Images should be omitted while the rest of the data is duplicated exactly.

**Given material:**
»»

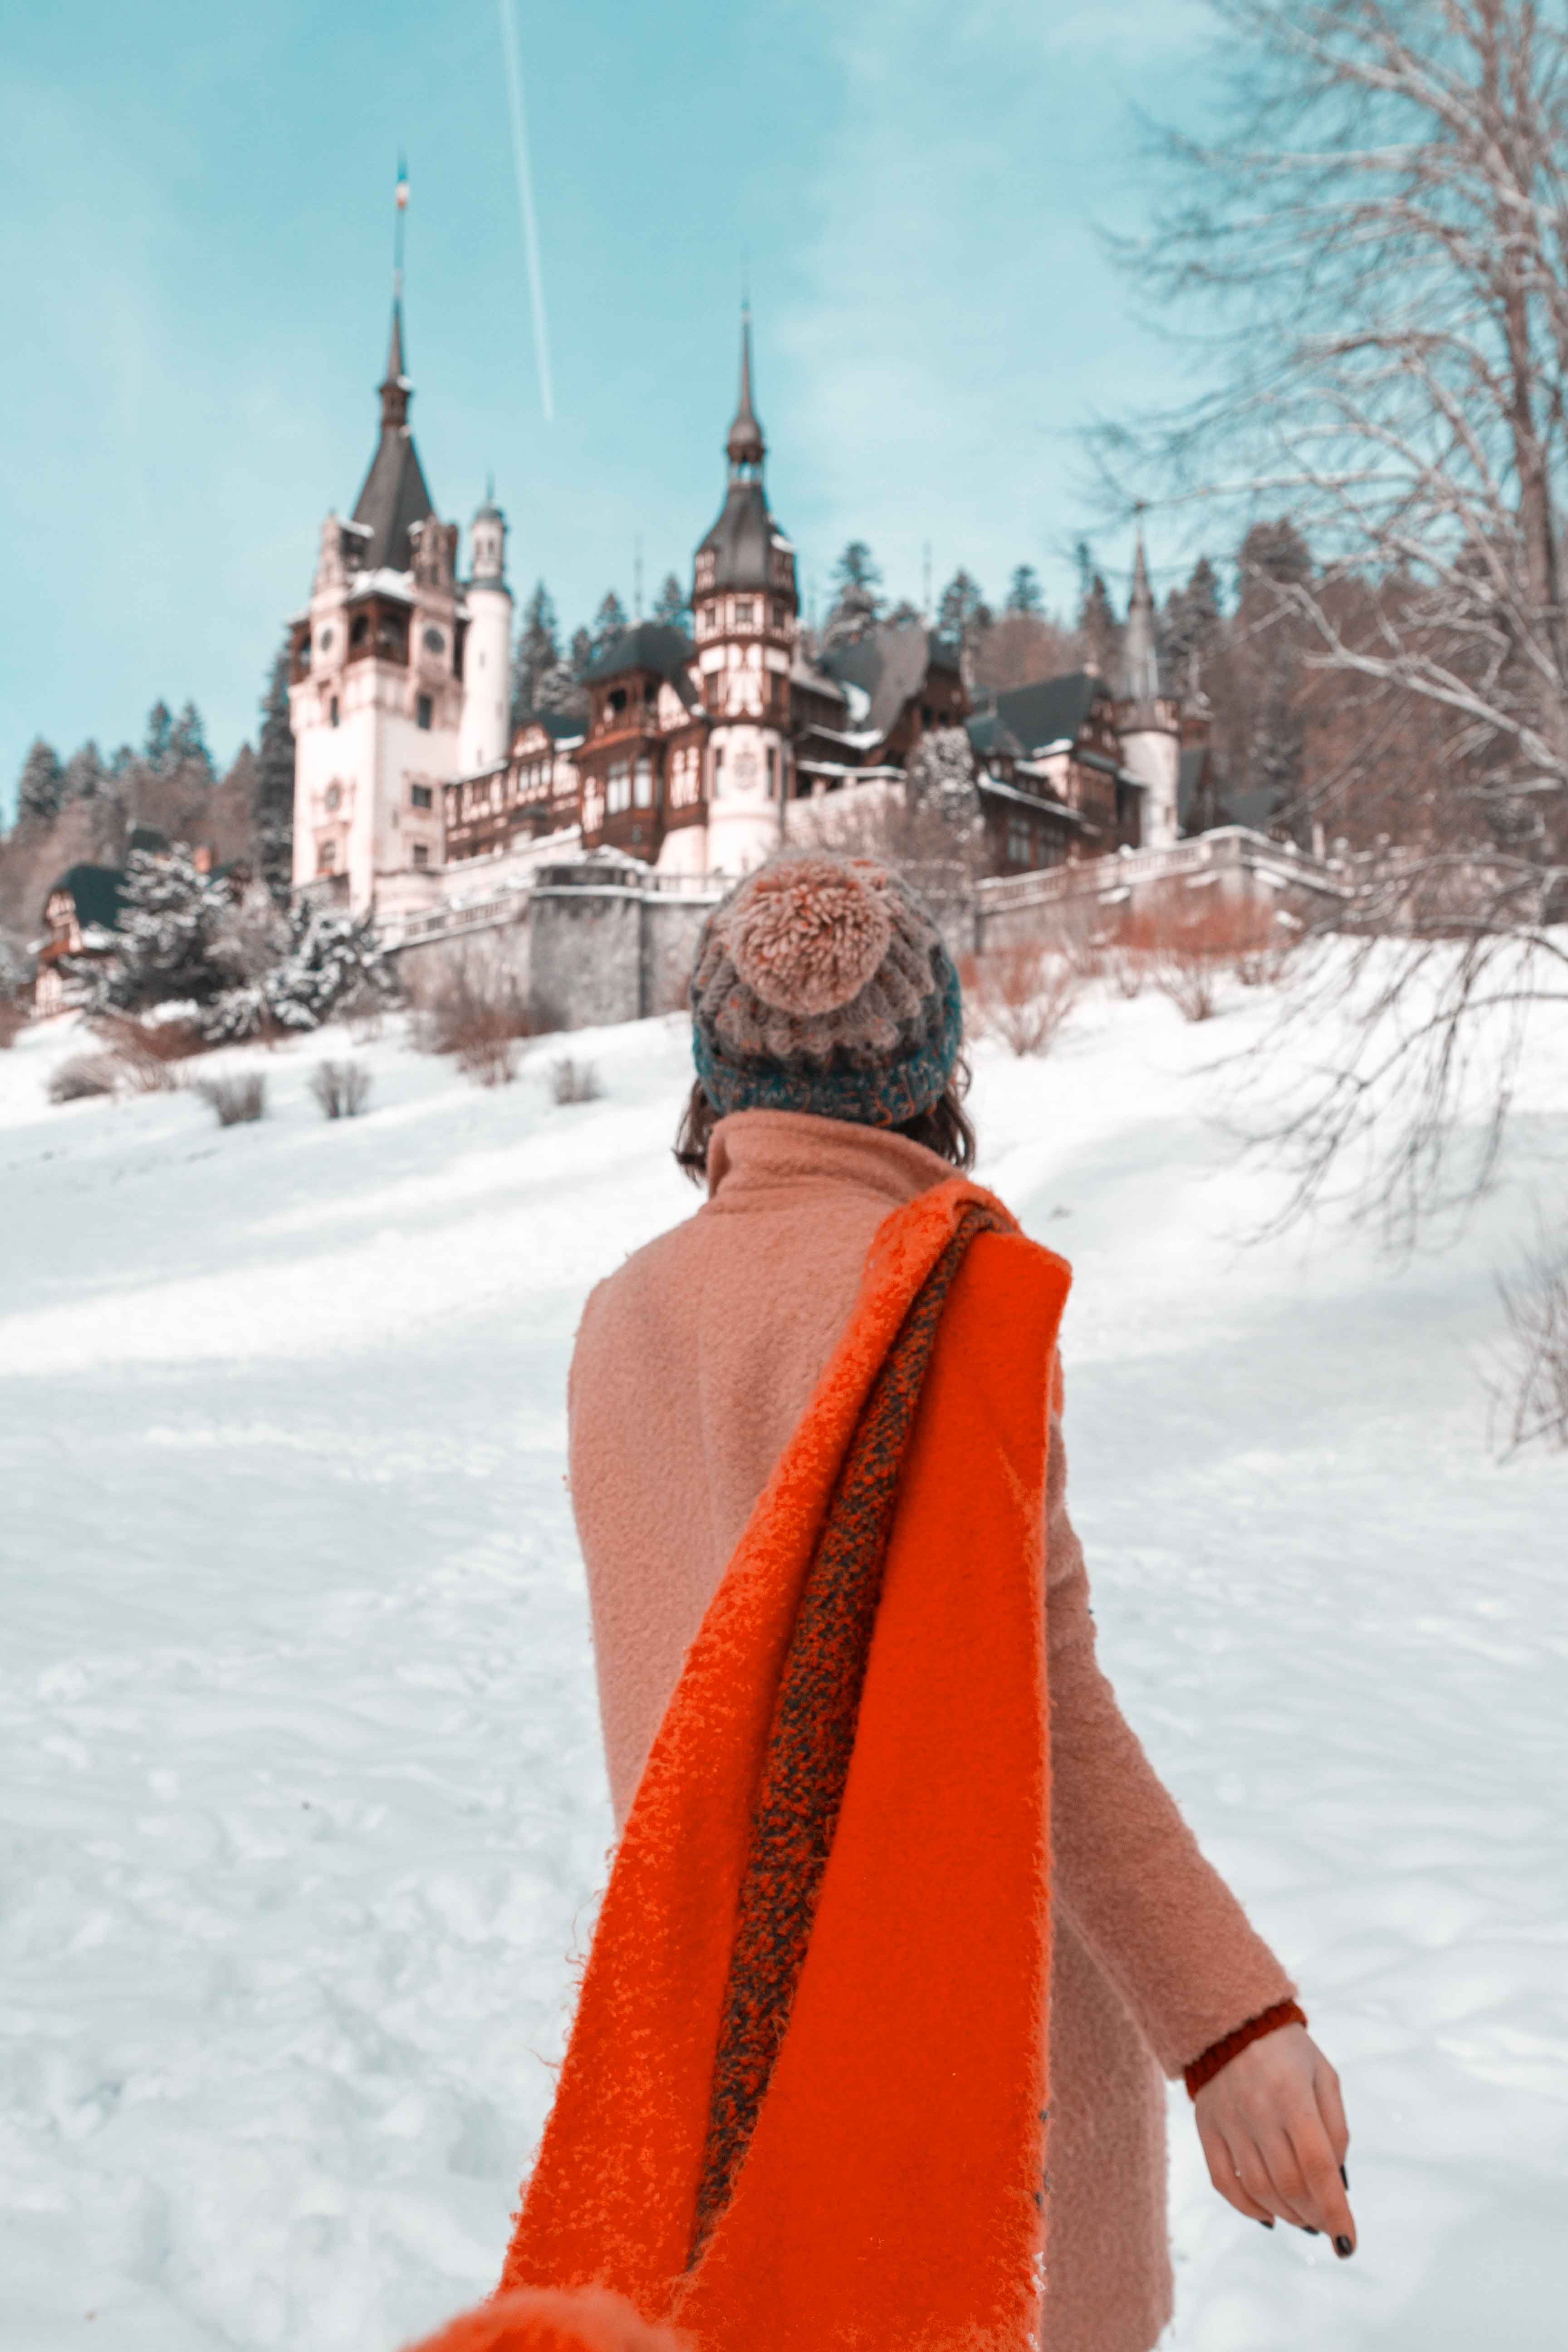 Winter wonderland in Romania: a complete guide of visiting Peles Castle
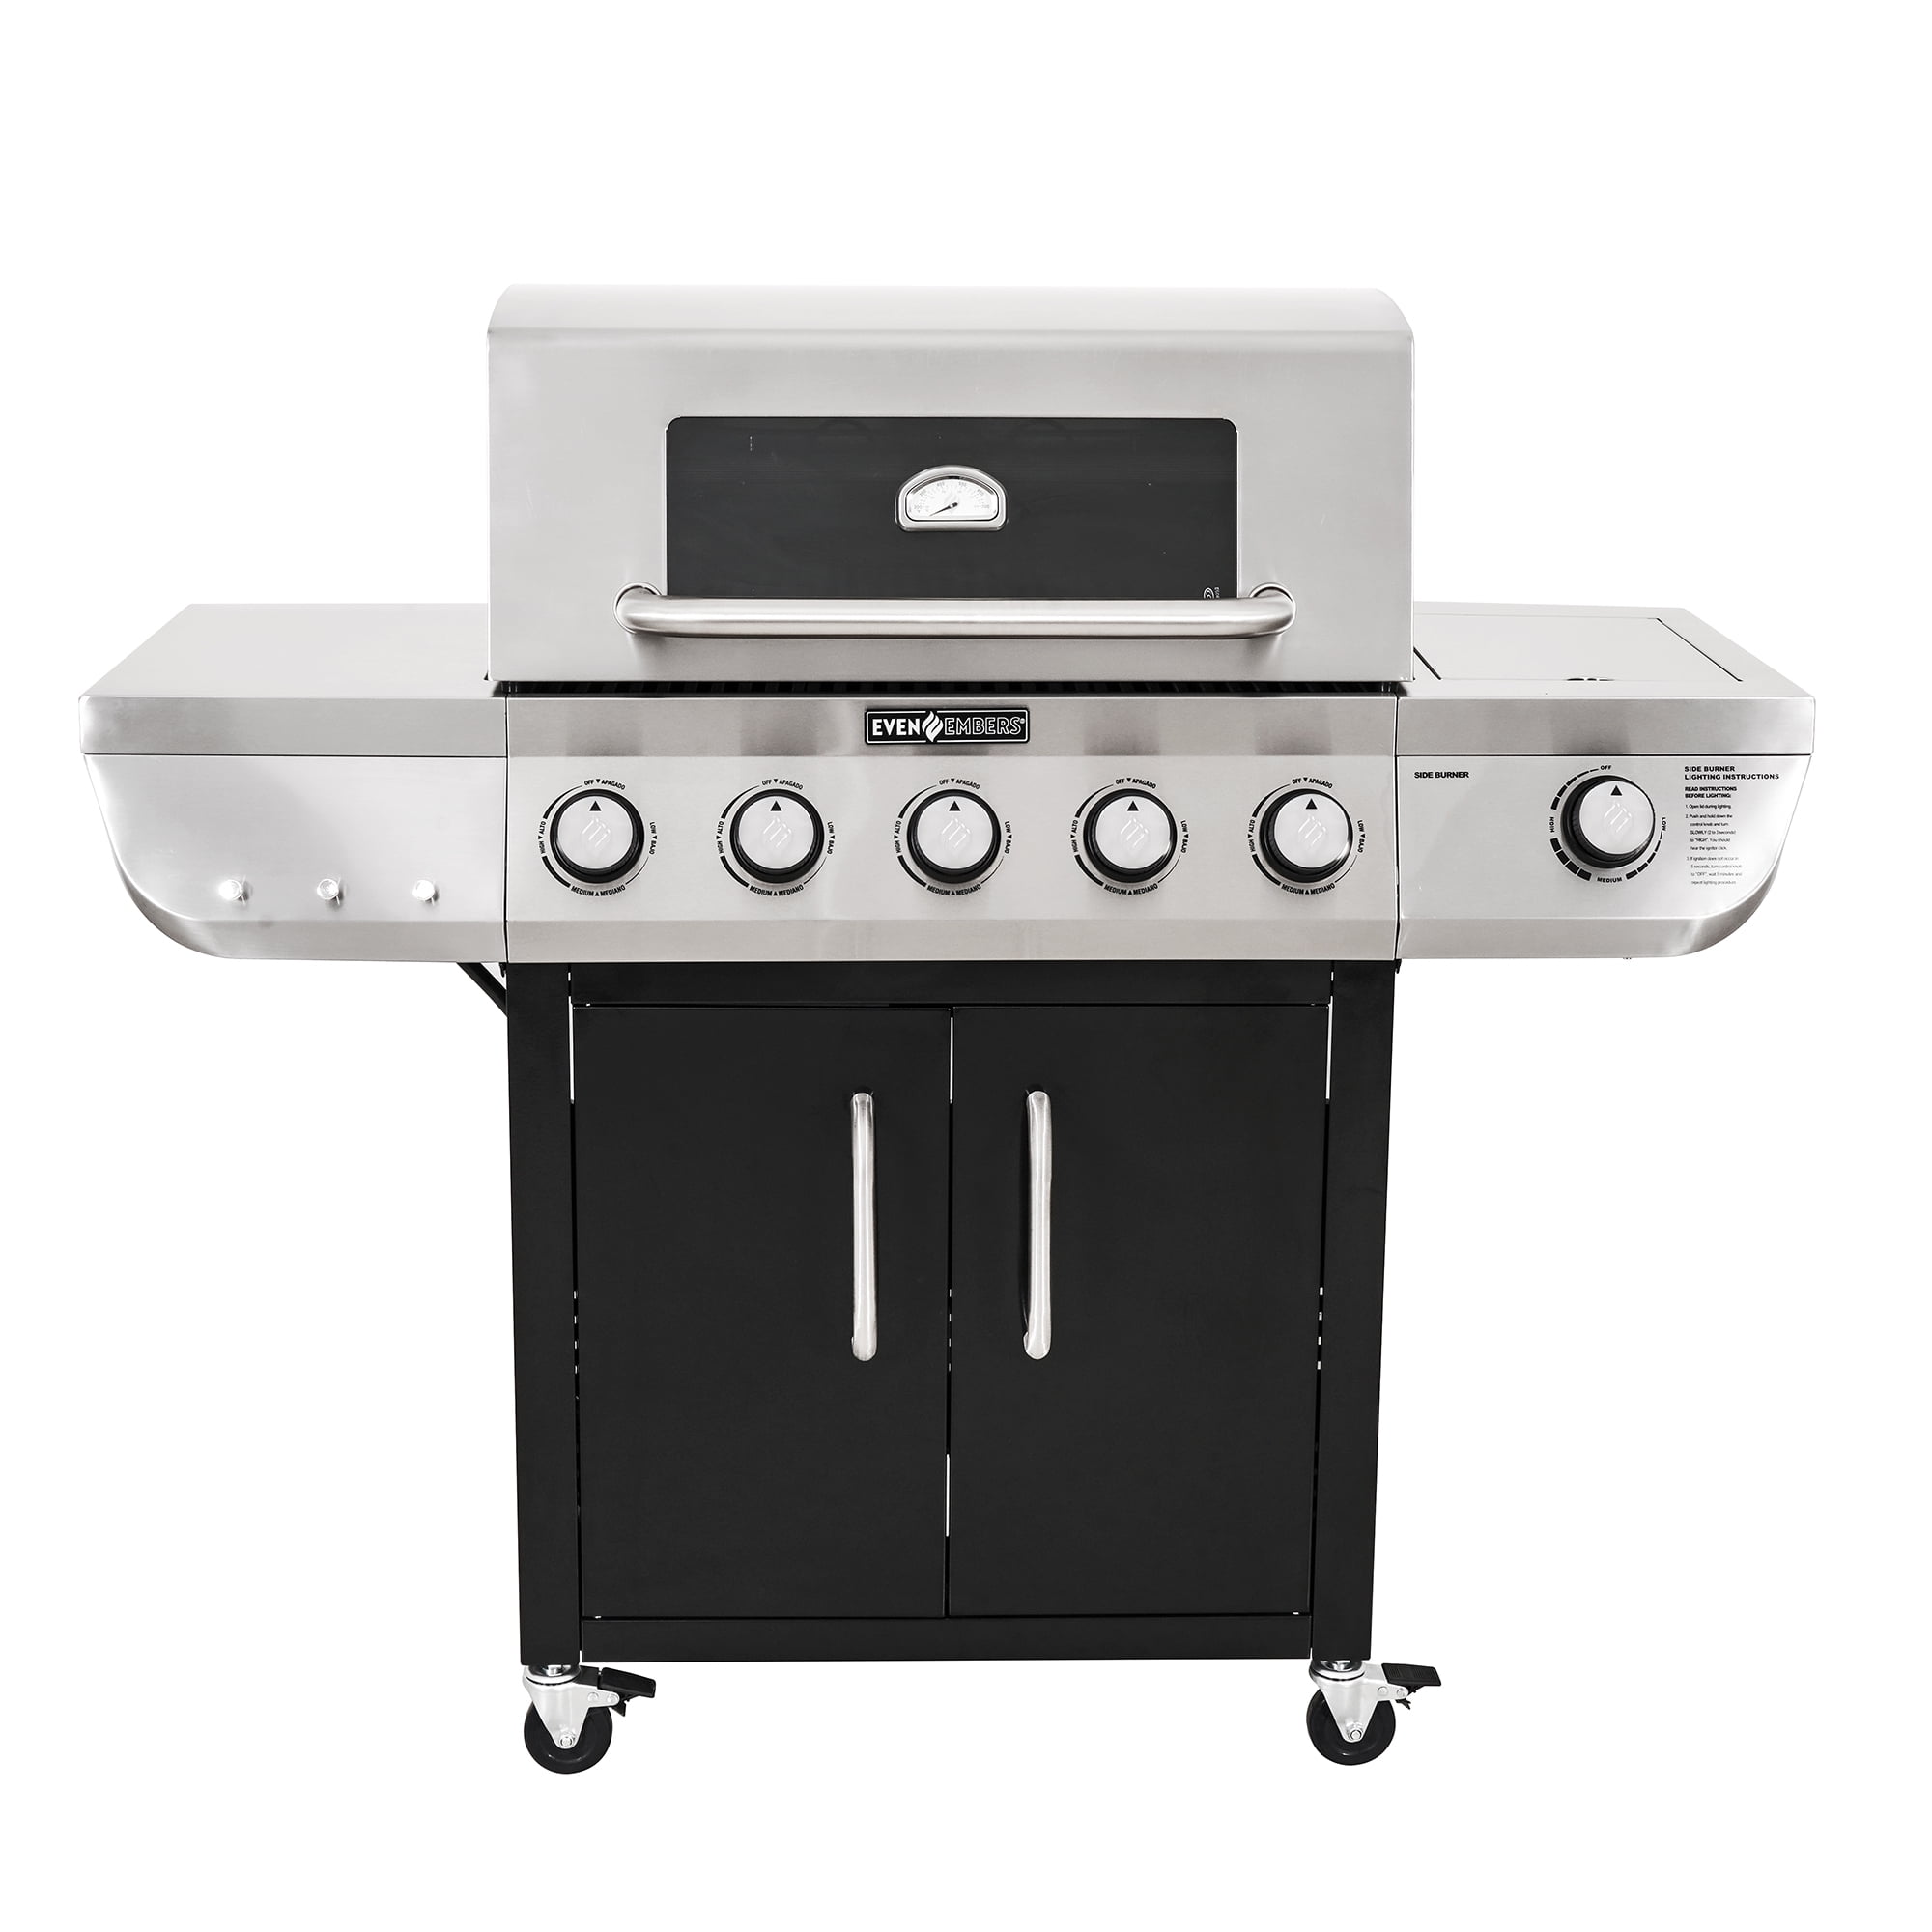 Even Embers Four Burner Gas Grill
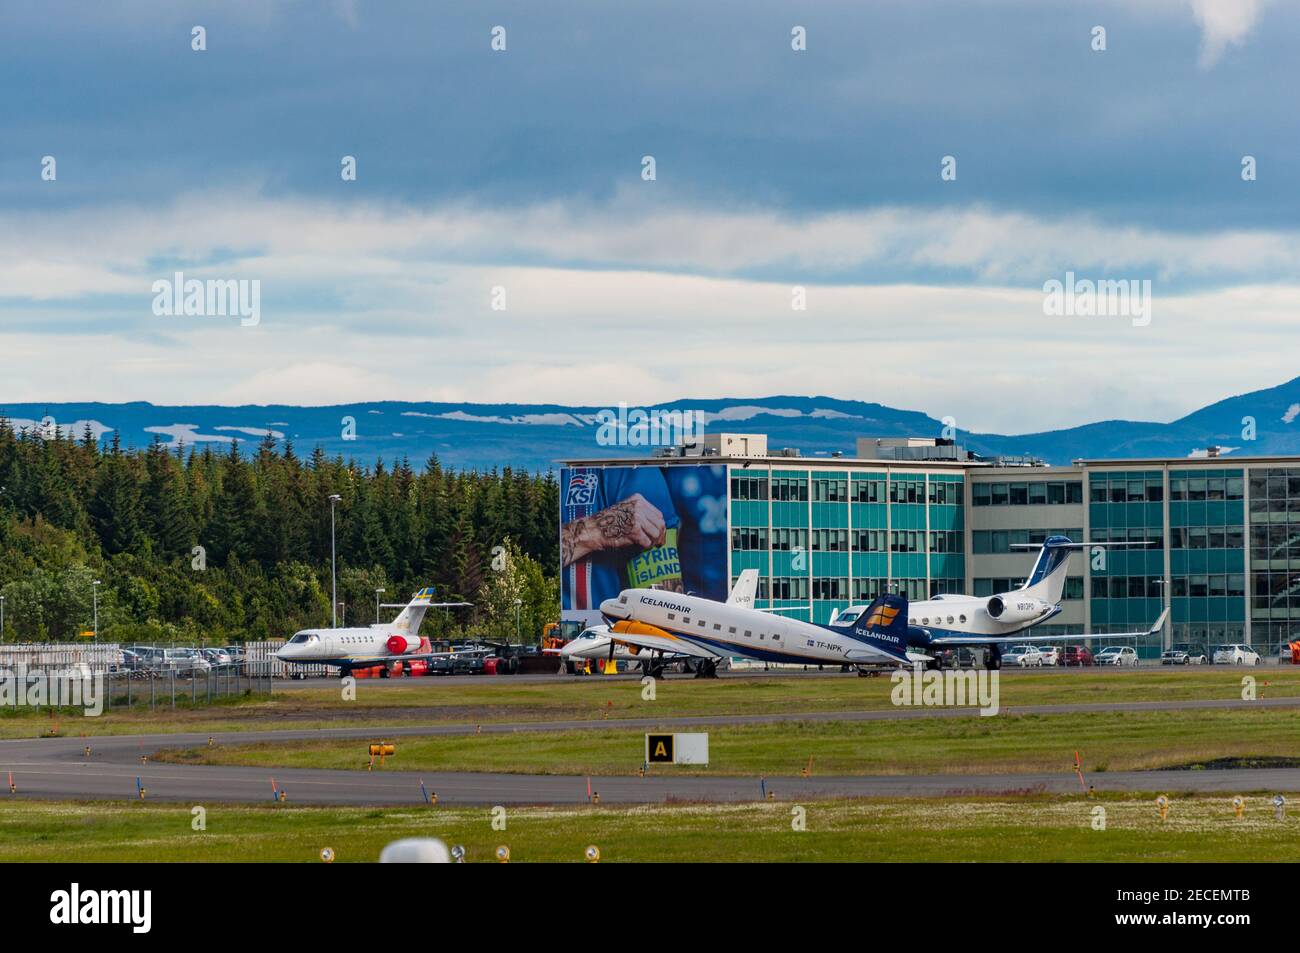 Reykjavik Iceland - July 2. 2016: airplanes located at Reykjavik airport in Iceland Stock Photo

««

**Written reply:**
 Winter wonderland in Romania: a complete guide of visiting Peles Castle
 Even Embers Four Burner Gas Grill
 Reykjavik Iceland - July 2. 2016: airplanes located at Reykjavik airport in Iceland Stock Photo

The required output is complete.